As the starting point of the synchronization recovery a G/D/1/n (generic arrival, deterministic service, single server, and size n buffer) queueing system was designed and implemented to simulate the PLL feedback mechanism. The generic arrival usually represents a slotted system like the ATM network; hence, the Gamma distribution function was used to generate random numbers which corresponds to the interarrival times of the incoming PDUs in the real world. The deterministic service time associates to the server(demux and decoder) in the client or receiver side. After the feedback mechanism enters its stable mode or the PLL gets locked, this service time is no longer a constant and is to be changed with respect to the PLL's output signal which corresponds to the actual frequency of the transmitter.
In order to allow an initial adjustment of the receiver clock, the following assumptions were made.
As mentioned above, for generating jittered interarrival times the gamma distribution function was used. One important assumption made for the simulation is that the maximum amplitude of the jitter on the packet interarrival times must be smaller than half the mean sending period(this condition excludes networks where packets arrive out of sequence). If this condition is not satisfied, the jittered interarrival times will be distributed from zero over a wide range which causes the situation that the PLL is impossible to acquire its lock mode.
In general the jitter is considered as a part of delay. The delay experimented by the N th packet consists of a fixed constant delay(caused by propagation, transmission, and switching) and a jitter which is variable and can be modeled as a random variable[7]. The probability distribution of the fixed and variable components of delay is ploted in the figure below.

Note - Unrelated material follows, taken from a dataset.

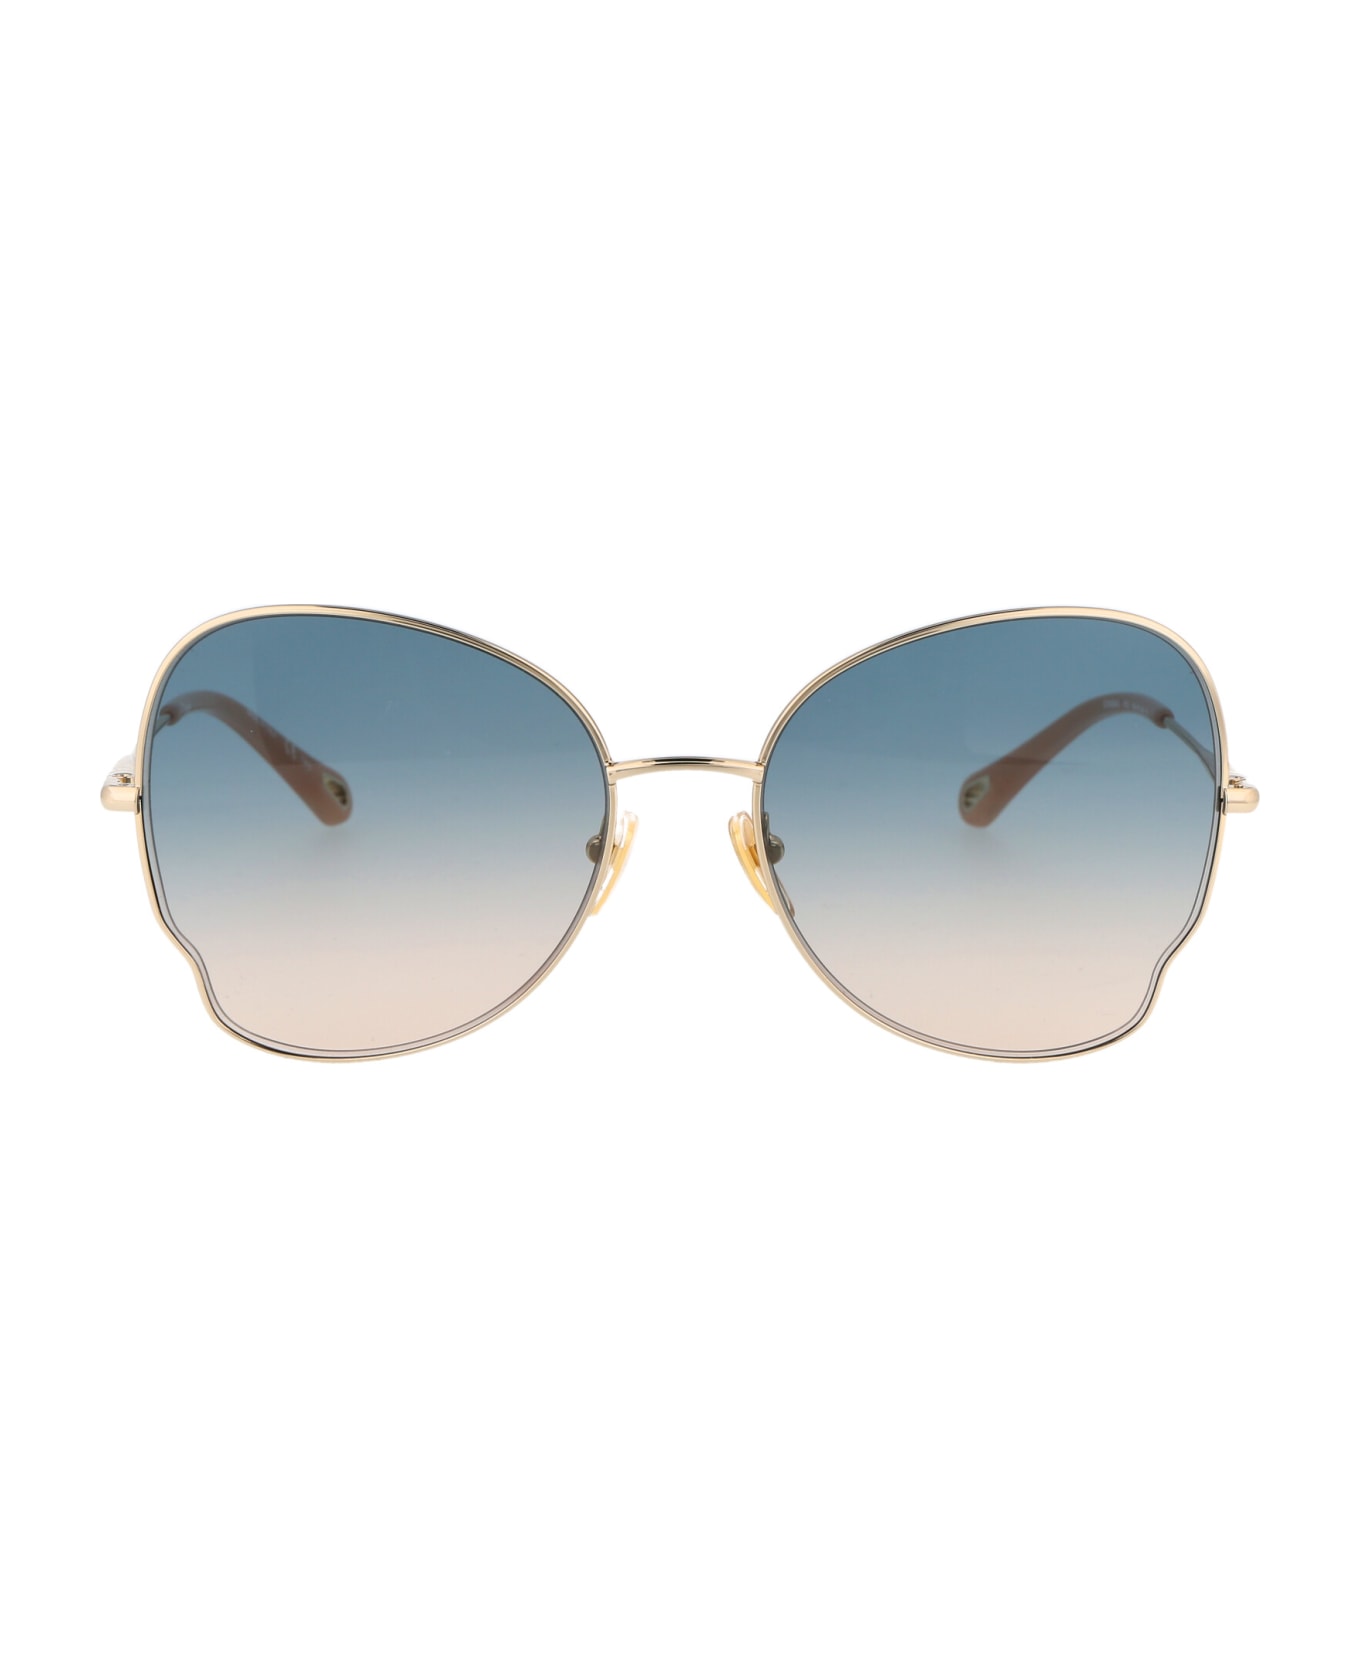 Chloé Eyewear Ch0094s Sunglasses - 003 GOLD GOLD GREEN サングラス

Figure 5 shows the basic PLL diagram. One of the most intriguing capabilities of PLL is its ability to suppress noise superimposed on its input signal. Even if the input signal is buried in noise, almost no noise will be noticeable in the output of the loop filter(with low enough corner frequency), and the DCO will operate in such a way that the phase of the PLL's output signal is equal to the average phase of the input signal. As we know, the noise at the input causes the zero crossing(for sinusoidal signals) to be advanced or delayed in a stochastic manner, and this can be seen as same as the network jitter imposed on the incoming PDUs.
The PLL's mission is to track the actual frequency of the incoming PDUs. It should be noted that since we are dealing with the simulation which can mainly be used for the software implementation of PLL, all the variables were chosen in the software point of view in order to relate the PLL theory to the study of synchronization recovery in a VoD system. In other words, the major restriction that applies to the implementation of Software PLL is the execution period to be short enough as compared to the time needed for each PDU's arrival. Each component in the PLL diagram was designed and implemented as the following:
The implemented PLL is driven by the interarrival times between incoming PDUs. The Phase Detector first detects the phase error by taking the difference between the interarrival times of the incoming PDUs and the output signal of the PLL, which is relevant to the interarrival time, generated from the Digitally Controlled Oscillator. If we assume that the input signal and the PLL's output signal are the same at the initial state, whenever there is a change in the frequency of the input signal, the Phase Detector generates a phase error: it simply means that if there is no phase error, then the frequencies are the same, and the PLL is said to be locked.
The phase error is sent to the phase error averager of size N, which can be seen as a FIFO buffer. This averaging reduces phase change steps by a factor of approximately N compared to no averaging. As a result, the phase error envelope is also reduced; however, it increases the error pull-in transients because the loop response is slower. The averaging also ensures that frequency step changes are about the same as without PCR discontinuities(at intervals shorter than the loop time constants). In this simulation the maximum averager size that could be used to acquire the lock mode was 4. When the size was greater than 4, then the PLL was not able to acquire a lock mode, and the phase error increased linearly with the oscillating behavior. This is due to the fact that a phase error at an instance is not reflected at the output of the averager at the same instance, and this causes the PLL to be out-of-lock. The maximum allowable size of the averager was found to be implementation specific.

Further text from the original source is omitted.